I'll do a listing of Raymore house numbers (even — river side — first) and the fatalities that I believe are associated with those dwellings:

#134: Girodat   Paul, Mary Beedham [found Oct 29]
#136: Newing   * Caroline Annie Beavan, * Gerald Norman [found Oct 22], ... 
          Salt   * Vera Frances [found 30 Jul 1955          \ ... Gerald John [found ~31 Jul 1955]
#138: Topliss   Annie May Martin, Albert
#140: Boyd   James
          Hall   Kenneth 
          LeBlanc   Alice
          Peasley   Lambert, Doris, Sylvia, (Shirley)
#142: Smith   John Clive, John William, Grace Anne Dunn [found Oct 30]
#144: Gillan   George H, Helen Stimson [found Oct 24, (child)
#148: Edwards   Joan I Jesson, Carolyn JKenneth Charles [found Oct 31], Frank K, John C
          Neil   Jean R Edwards, Susan L, Adele B, Darlene S [found Oct 24 
#152: McGarvey   Philomina Johnson, Jacqueline, Donald
#154: Brough   * Wilhelmina Helen Campbell

#143: Babbage   * Claude
          Jeffries   Edward Albert, Elizabeth Mrs. Thomas Sr.

  unbracketed number of people mentioned and assumed dead: 36
  italics: 4 missing Dec 19543 missing Aug 1955: a misreport, or who else was found?
  magenta: 3 declared dead by two newspapers on Oct 18 but no further mention found

The Toronto Star, Oct 18, page 2, misreported Caroline Newing as Katherine.

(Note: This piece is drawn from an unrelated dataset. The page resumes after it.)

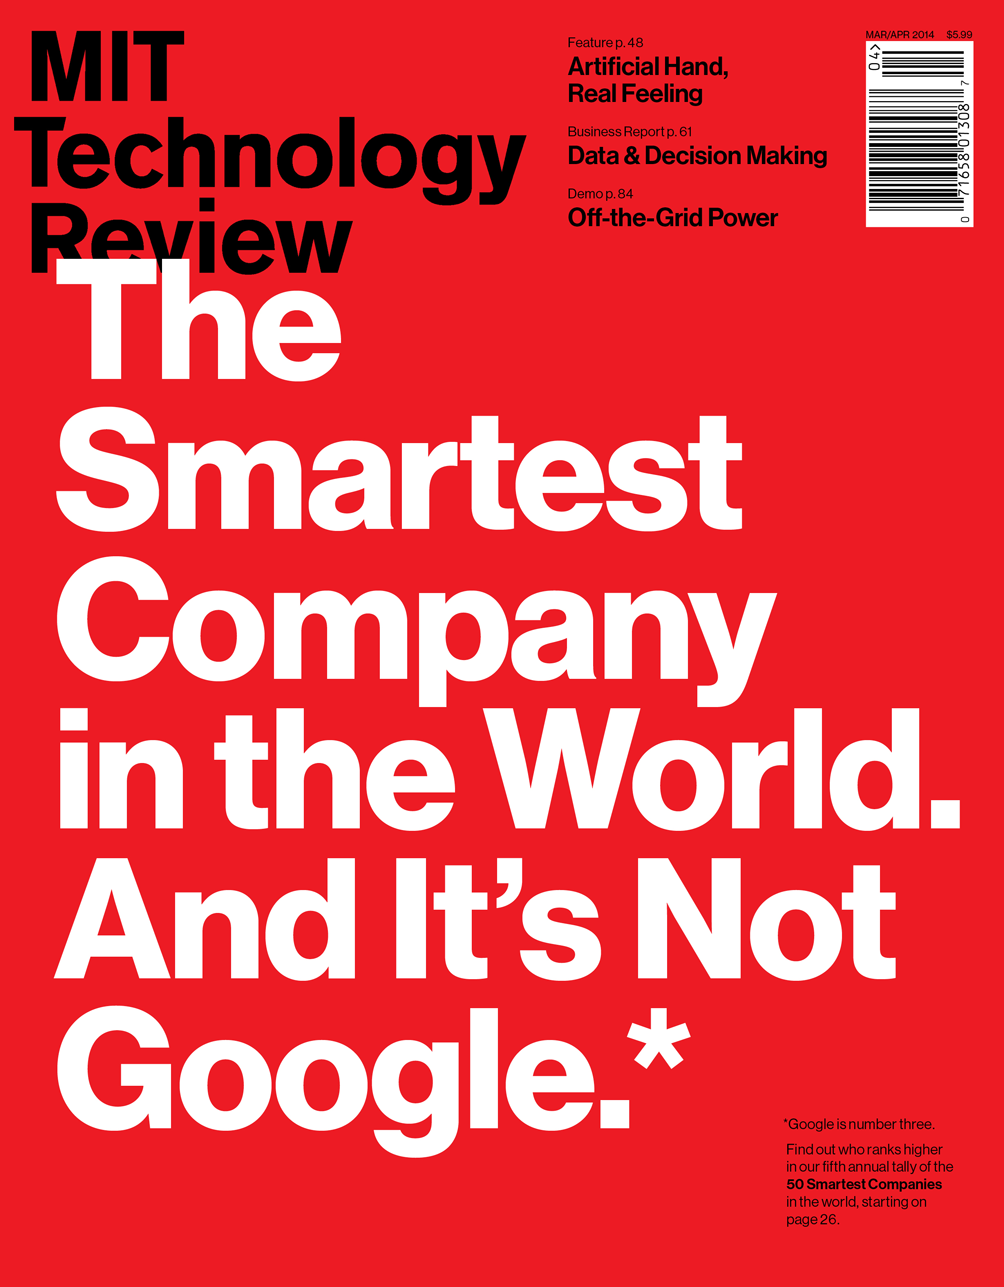 50 Smartest Companies 2014

Caroline's obituary gives her maiden name as Bevan. It was Beavan.

A Shirley Peasley is reported missing in the Globe and Mail, Oct 18, page 2. I found no further mention of her and can only assume that it was meant to be Sylvia.

"One Gillen child" is listed after the George and Helen 'missing' entries in the Globe and Mail, Oct 18, page 2. By the time the Toronto Star came out that day there was no such mention. I have no obituary for George, but Helen's mentions no child — nor does their combined memorial cemetery headstone.

"... and one adult, name unknown" accompanies a missing Kenneth Edwards in the Globe and Mail, Oct 18, page 2. In all likelihood this is an uninformed, duplicate reporting of the then-missing John Neil (who was in fact very much alive). Perhaps the connection hadn't at that point been made because John's dead wife Jean was reported at 148 Raymore while Kenneth's dead wife Joan was misreported at 248 Raymore.

Mrs. Thomas Jeffries Sr. is declared dead in the Toronto Daily Star on Oct 18, page 2, while the earlier Globe and Mail, Oct 18, page 2, had "Mrs. Tom Jefferies" missing — but there is a dead "unidentified woman, about 60" on page 1 that may well have been her. No obituary — but I have this mention. I'm still looking for her. I've got an 1885 Toronto-born Albert Edward Jeffries but his father's name isn't Thomas.

Afterthoughts: The 15 Aug 1959 Globe and Mail had a story on Thomas McGarvey having been charged with the holdup of a drug store, noting that in 1954 he "saw the water snatch his mother and sister". The article ends with his "father and a brother" having "escaped". [I have the obituary for his brother Donald.] The 13 Mar 1963 Toronto Daily Star reported on a gas explosion at a home on Raymore, ending the short article with: "During Hurricane Hazel, 23 persons on Raymore Dr. drowned." [Presumably a transposition typo.]